McPherson v. City of Presque IsleAnnotate this Case
107 A.2d 422 (1954)
McPHERSON v. CITY OF PRESQUE ISLE et al.
Supreme Judicial Court of Maine.
June 8, 1954.
Albert M. Stevens, Presque Isle, for plaintiff.
Clyde L. Wheeler, Waterville, for defendants.
Before FELLOWS, C. J., and WILLIAMSON, TIRRELL, WEBBER, BELIVEAU and TAPLEY, JJ.
BELIVEAU, Associate Justice.
On appeal. This is an appeal from a pro forma decree in which the Court approves the findings of the Industrial Accident Commission and orders that the petition for award of compensation be dismissed.
The facts show that on November 22, 1952 the petitioner, while in the employ of the City of Presque Isle, claims to have received personal injuries by accident "arising out of, and in the course of my employment."
On that day, and probably a day or two before, his work consisted of loading snow fence onto a truck assisted by another employee. These rolls of fence weighed between 50 and 75 pounds and were handled by the two meneach taking one end of the roll and placing it on the truck where it was placed in position by another employee.
It is the claim of the petitioner that sometime later in the afternoon of the day mentioned, and while loading the fence, he became short of breath and felt weak all over. He continued to do the same work until the end of the working day.

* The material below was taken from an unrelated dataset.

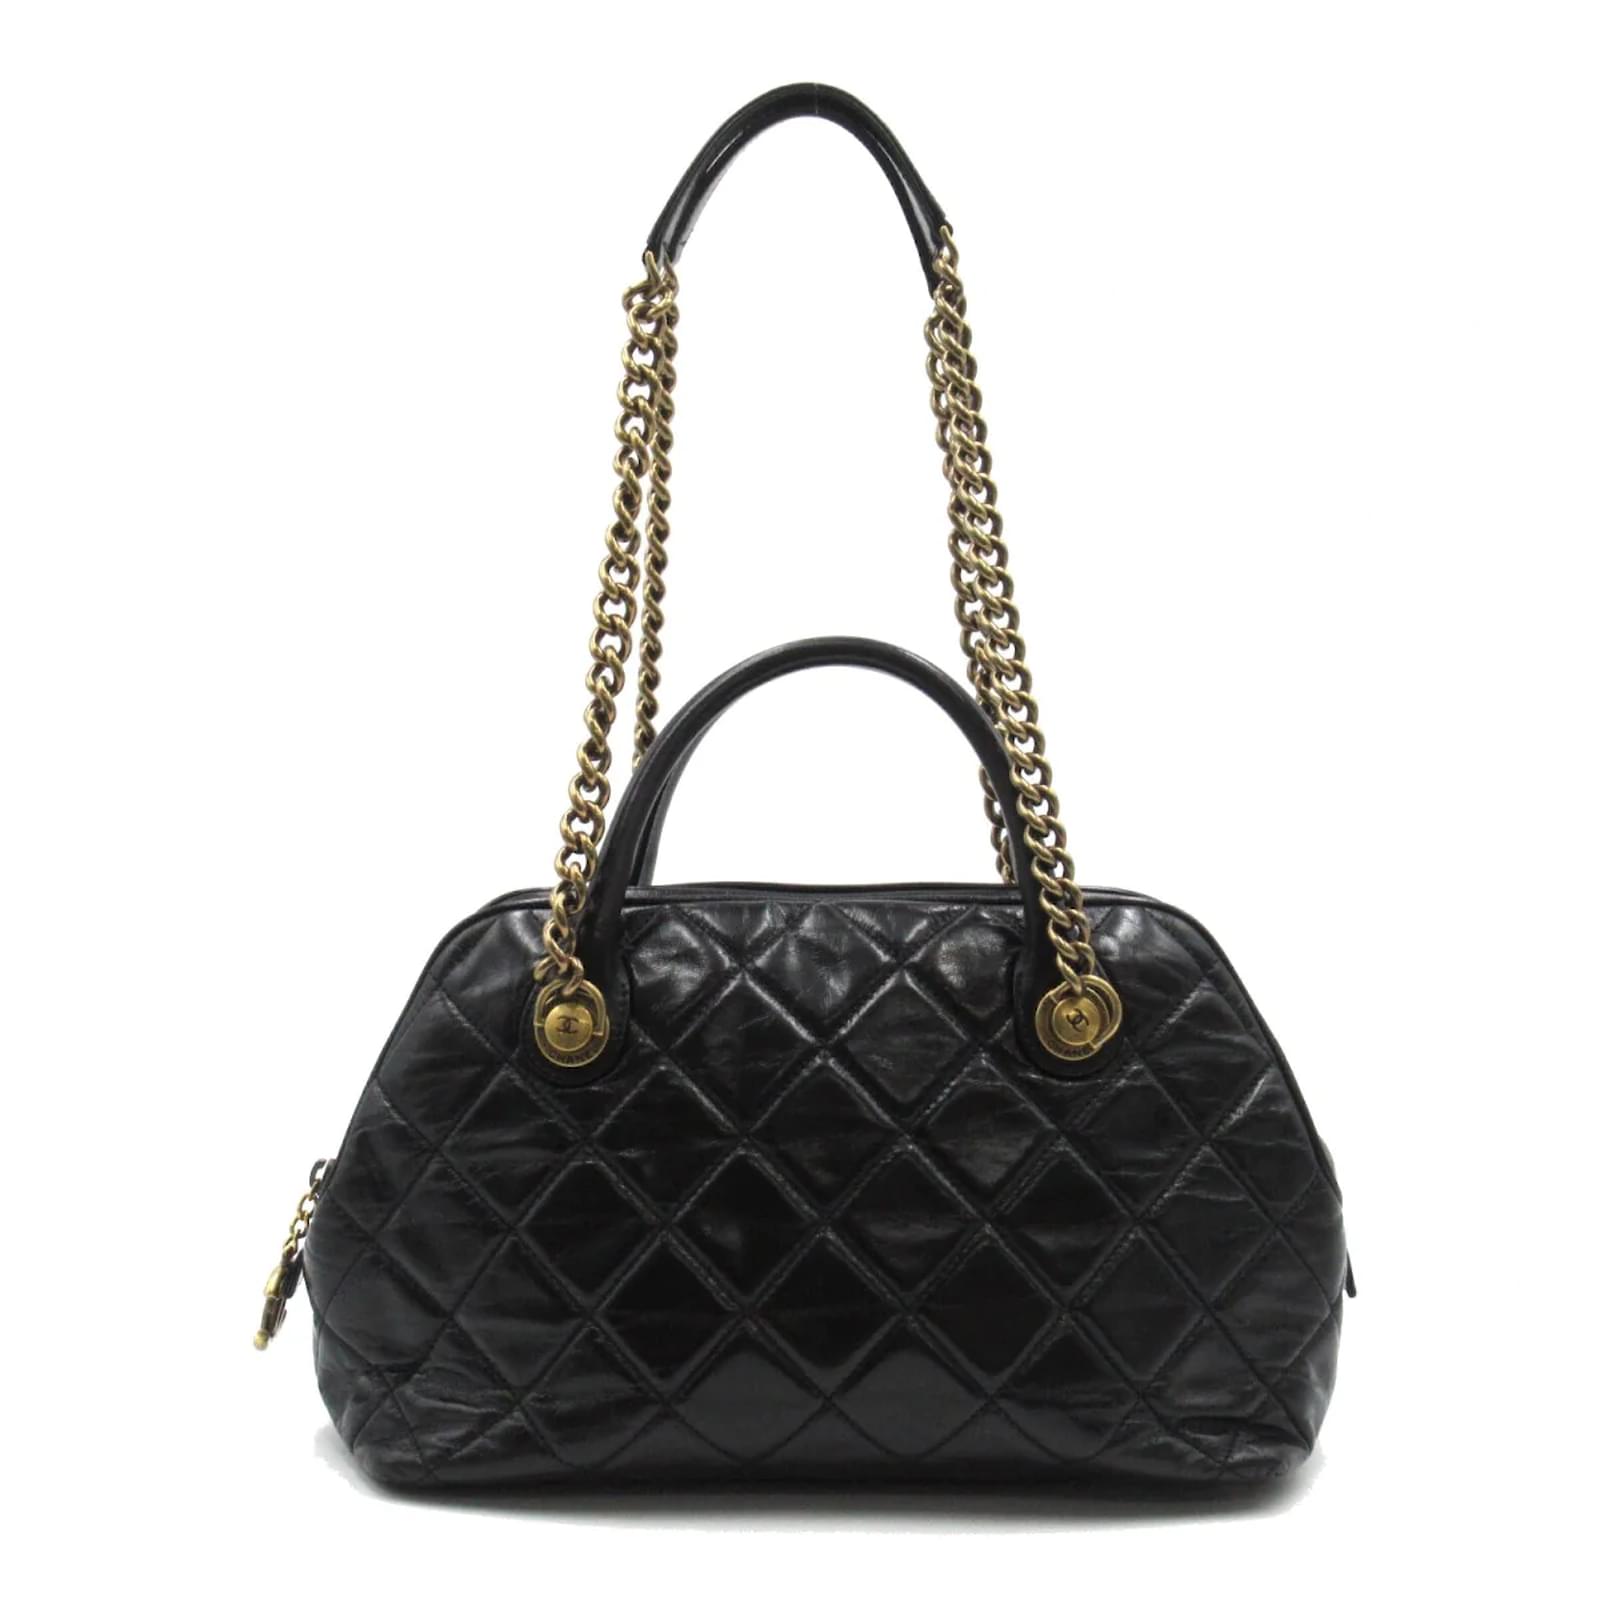 Buy CHANEL BOWLING BAG Black Quilted Grained Leather Authenticity Online in  India

Dr. Osborne, who testified for the petitioner, stated "the chances are about evenly balanced that it was the work as against the normal progress of the disease." The doctor felt that the petitioner had some background of underlying degenerative *423 process in his arteries at the time of the alleged accident which undoubtedly had been progressing over a period of years.
Dr. Wilbur Manter, a qualified heart specialist, gave it as his opinion, that the condition which the petitioner complained of, could not have been caused by the work he was engaged in on November 22, 1952.

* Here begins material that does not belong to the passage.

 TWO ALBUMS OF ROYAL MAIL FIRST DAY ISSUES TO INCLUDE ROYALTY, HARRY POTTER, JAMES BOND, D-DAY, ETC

In the lengthy opinion in which the facts and the law are thoroughly discussed and analyzed the Commission found that the necessary elements of accident were not present, namely, "unusual, unexpected and sudden event."

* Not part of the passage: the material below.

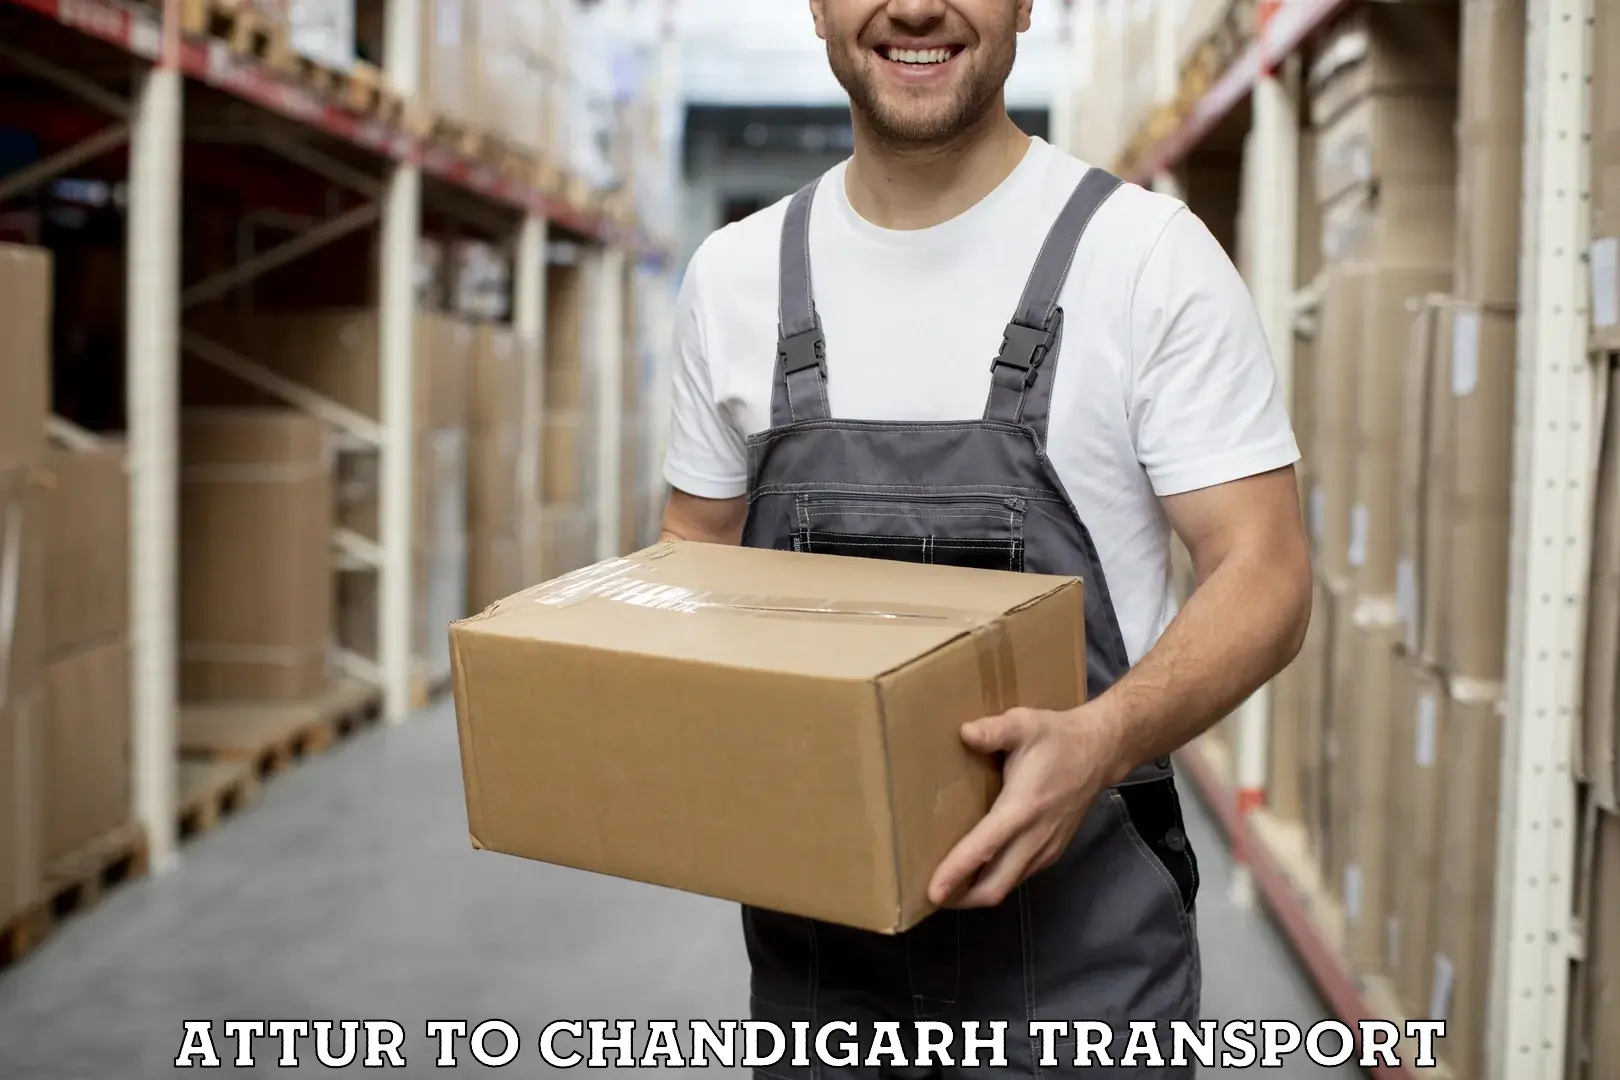 Daily parcel service transport Attur to Chandigarh

In Robitaille's Case, 140 Me. 121, 34 A.2d 473, the Court restated the well known rule of law that the "Commission is made the trier of facts and its findings thereof, whether for or against claimant, are final".
Not only was there competent and credible evidence on which the Commission based its findings but it seems to this Court that, on the evidence heard by the Commission, no other finding could be made.